Research in cognitive science has consistently shown that novice learners do not learn efficiently through minimally guided problem-solving. Instead, they benefit from explicit instruction and guided practice before independent application. When students are asked to solve problems before they understand the underlying concepts, they must rely on trial and error. That process places heavy demands on working memory and can limit the formation of accurate, usable knowledge structures.
The concept of “productive struggle” gained prominence alongside the shift toward inquiry-based instruction. In principle, struggle can support learning. Advocates argue that carefully designed challenges can be a meaningful part of the learning process. In practice, though, too much struggle can hamstring students. The research base for the effectiveness of the approach is still developing and often inconsistent, with many studies relying on qualitative designs and varied definitions rather than strong causal evidence.
Teachers and districts may recognize the need for change, but they cannot simply abandon the curriculum already in place. The encouraging reality is that addressing this problem does not require new programs or a wholesale replacement of curriculum. It requires a handful of practical changes to instructional sequencing and delivery.
1. Move instruction to the front. Before students are asked to explore, the teacher models the concept clearly and directly. This ensures that students begin with a foundation rather than confusion. Learning, by definition, requires alterations in long-term memory, and explicit explanation supports that process more effectively than unguided discovery.
2. Use worked examples. Incorporate worked examples. Instead of asking students to immediately solve unfamiliar problems, teachers present fully solved examples and walk through them step by step. Students then attempt similar problems with guidance still in place. This reduces unnecessary cognitive load and helps students focus on understanding the structure of the task.
3. Structure practice. Structured guidance for problems like the ones that have been given as fully solved examples helps students internalize procedures more efficiently. Open-ended prompts such as “figure out a strategy” can be replaced with clear, explicit steps that guide students through the process and help with accuracy.

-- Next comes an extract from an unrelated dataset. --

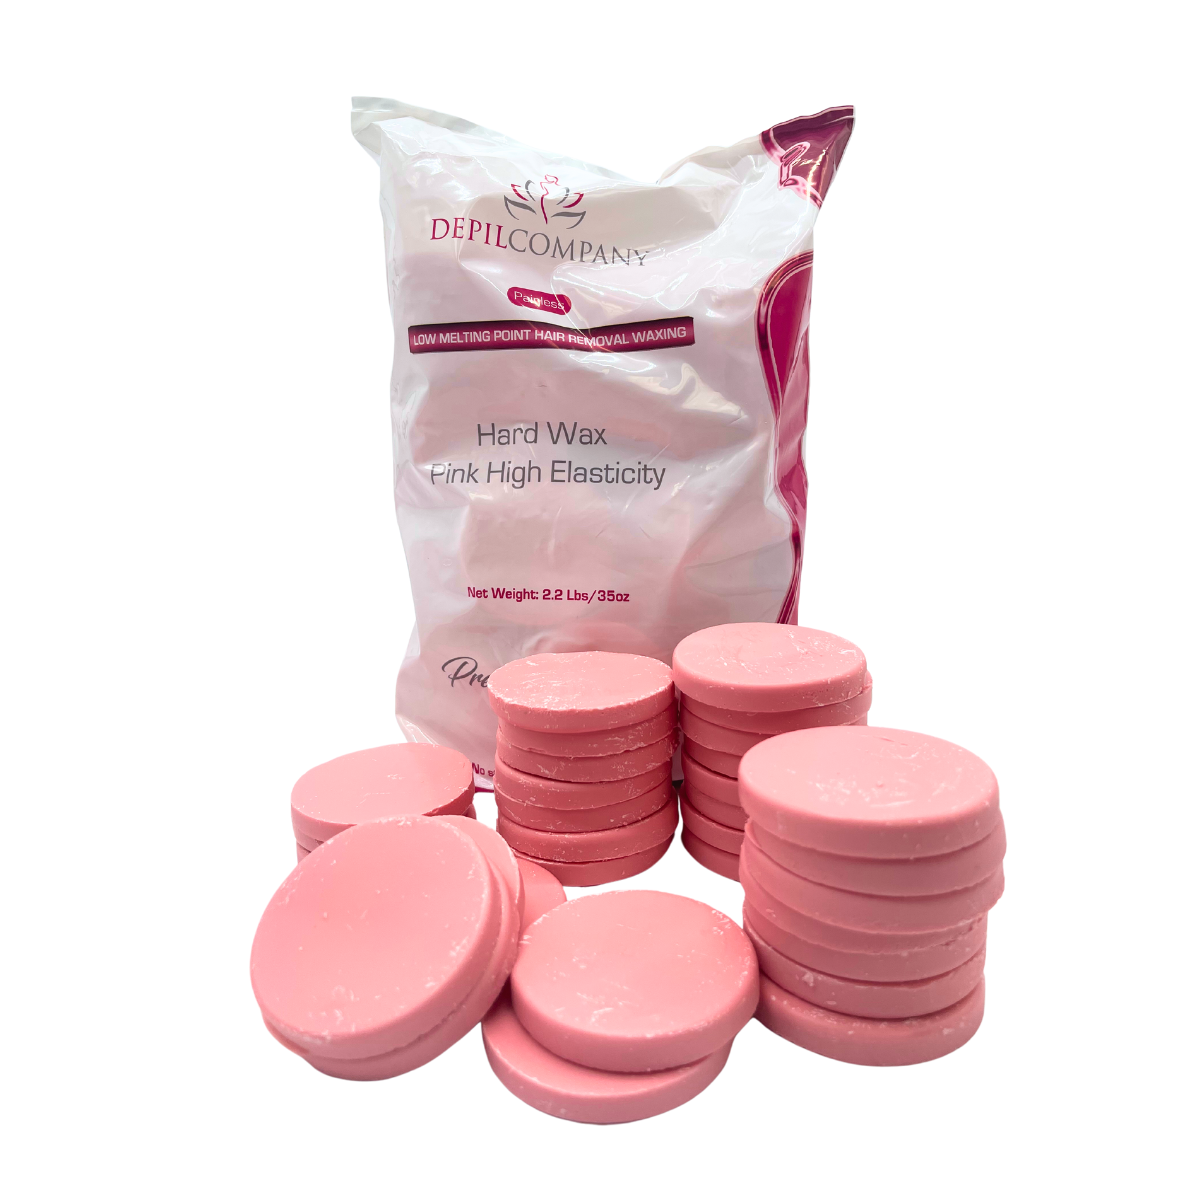 Depilcompany Hard Wax Pink – Cera dura profesional de alto rendimiento con ingredientes activos especiales – 2.2 lbs. (3 UND)

4. Delay independent problem-solving. Independent problem-solving and real-world application remain important, but they should occur after students have developed initial understanding and fluency. Introducing them too early increases cognitive demand without improving learning outcomes. The National Mathematics Advisory Panel emphasized that students must develop foundational knowledge and procedural fluency to a level of automaticity before engaging in more complex mathematical tasks.
5. Limit the number of strategies during early instruction. Research on cognitive load consistently shows that reducing the number of elements learners must process at once improves learning, particularly for novices. Focusing on one clear method first allows students to build stable understanding. Later, teachers can introduce alternative strategies to build problem-solving capacity.
None of these recommendations requires new programs, abandoning curriculum, or large-scale reform. They require reordering what is already in place: Teach before explore, model before solve, guide before release, and apply after understanding. The materials already in classrooms can support that work but only if they are used in a way that aligns with how students actually learn.
Educators should not have to choose between adopted curriculum and applying what we know about learning. The two are not inherently incompatible. Students should absolutely reason, explain, and solve problems. But first, they need conceptual understanding to make that reasoning possible.